WHAT IS NEEDED:
Write out the data word for word and drop any picture you find.

DATA PROVIDED:
===============

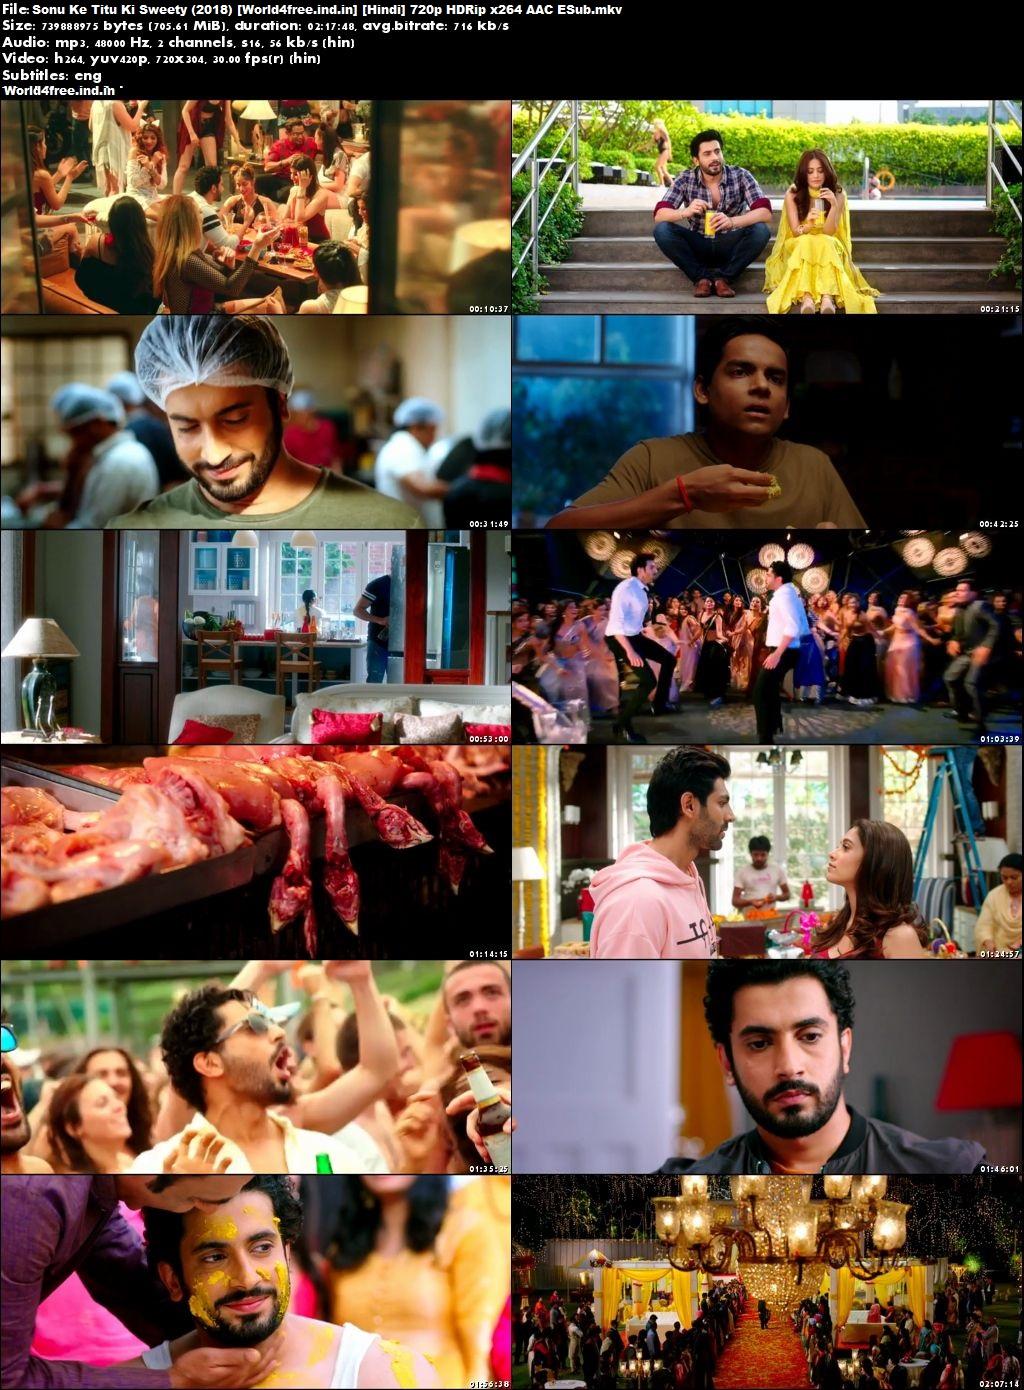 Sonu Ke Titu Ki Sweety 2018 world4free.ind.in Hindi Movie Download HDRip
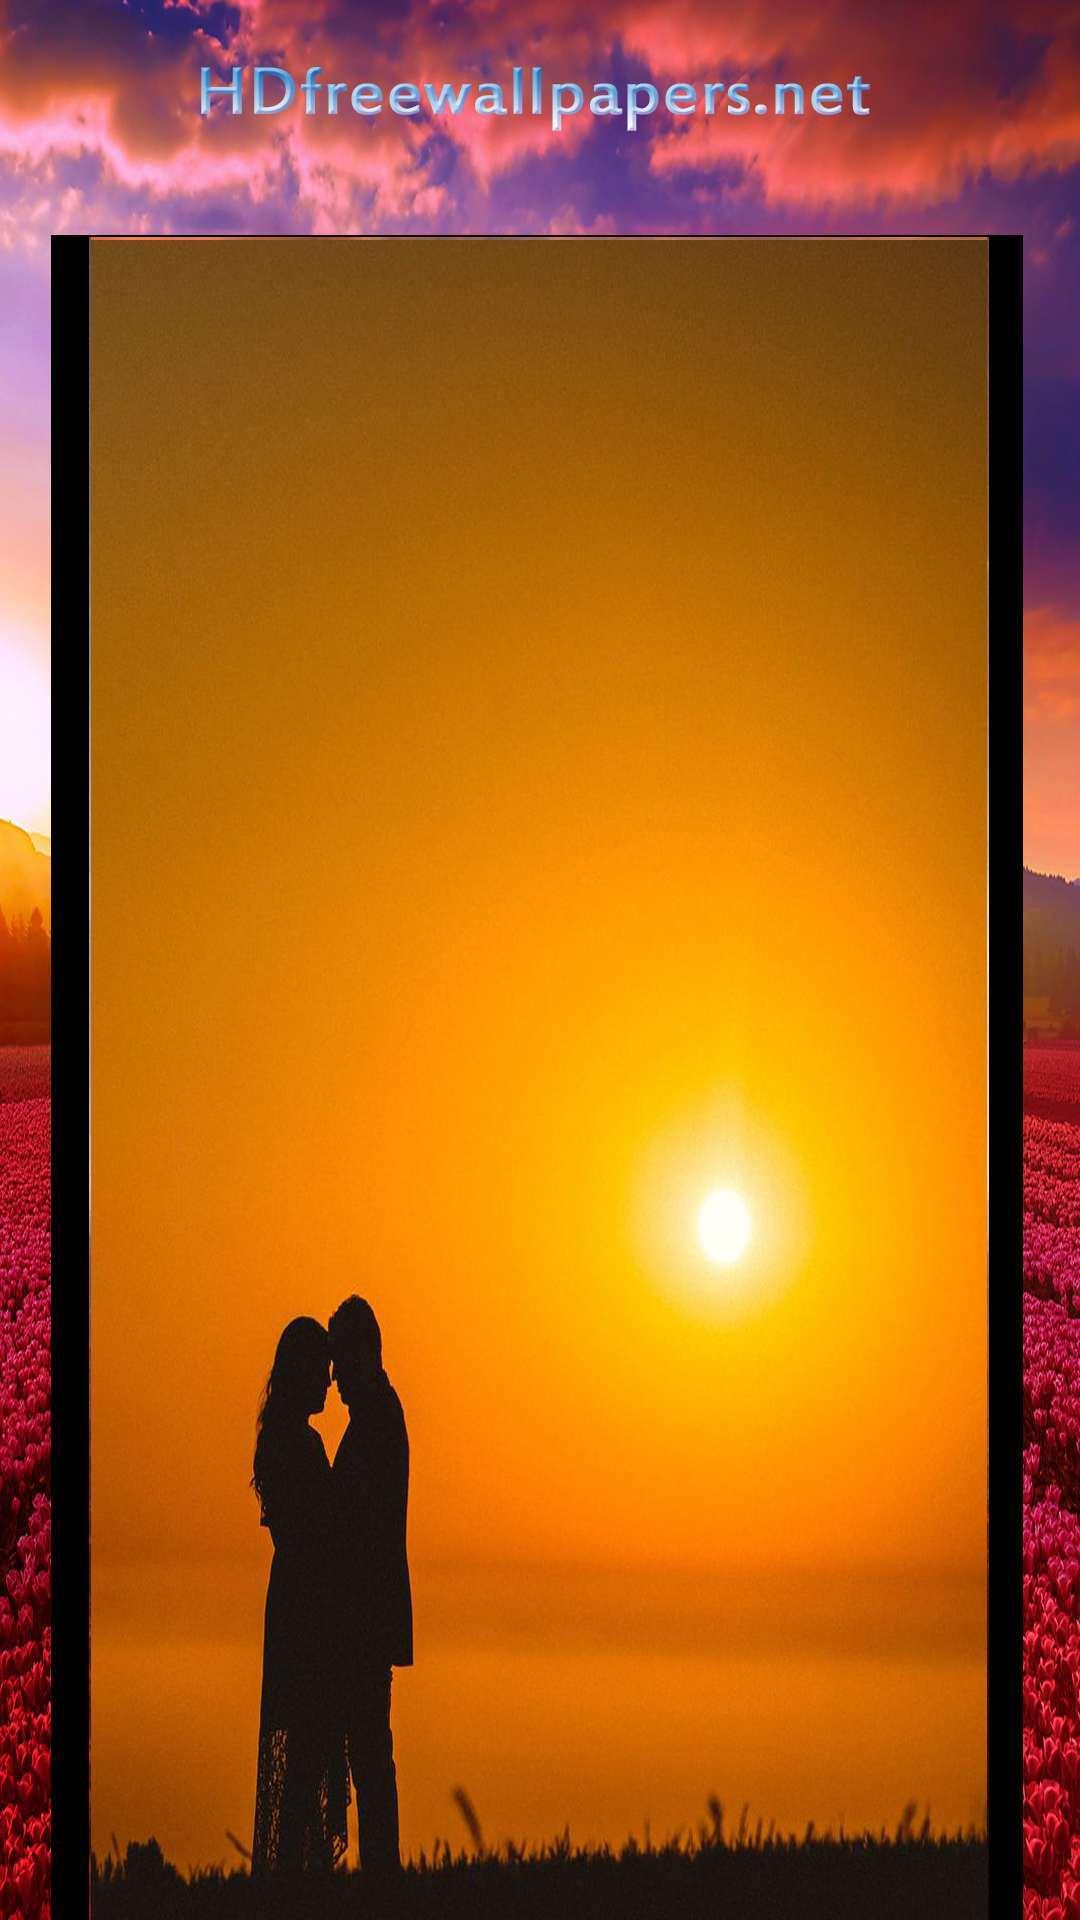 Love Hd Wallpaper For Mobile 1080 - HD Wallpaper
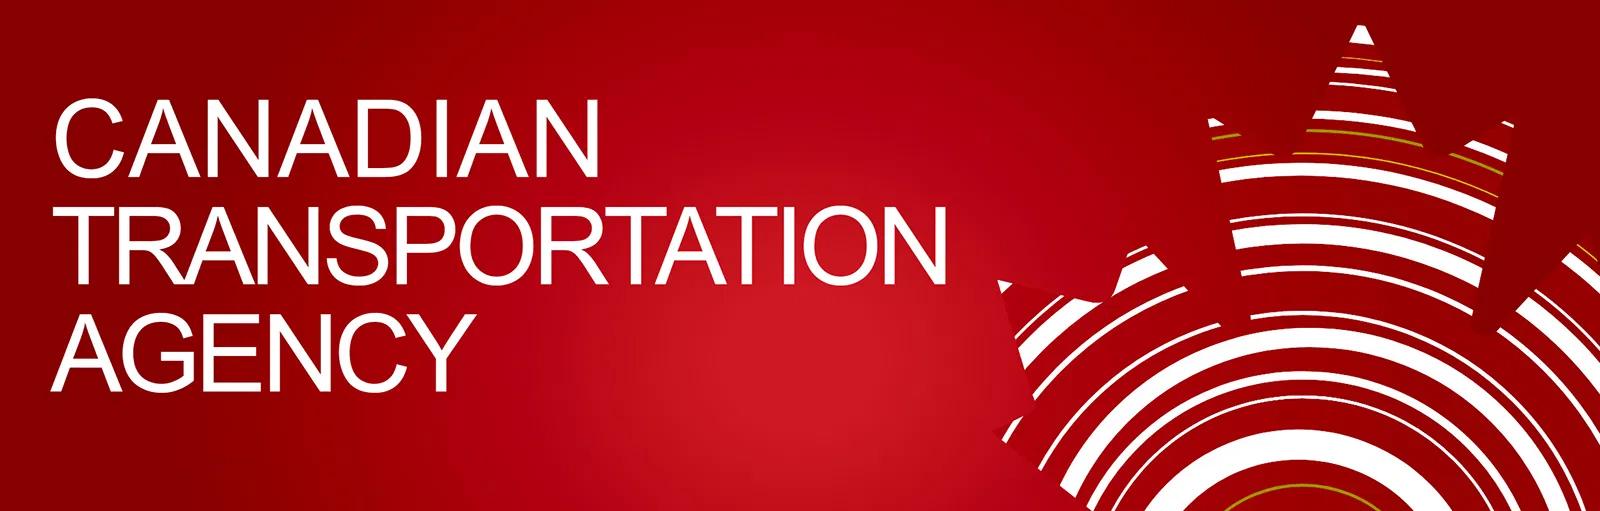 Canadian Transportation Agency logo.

===============

EXERCISE SOLUTION:
 Sonu Ke Titu Ki Sweety 2018 world4free.ind.in Hindi Movie Download HDRip
 Love Hd Wallpaper For Mobile 1080 - HD Wallpaper
 Canadian Transportation Agency logo.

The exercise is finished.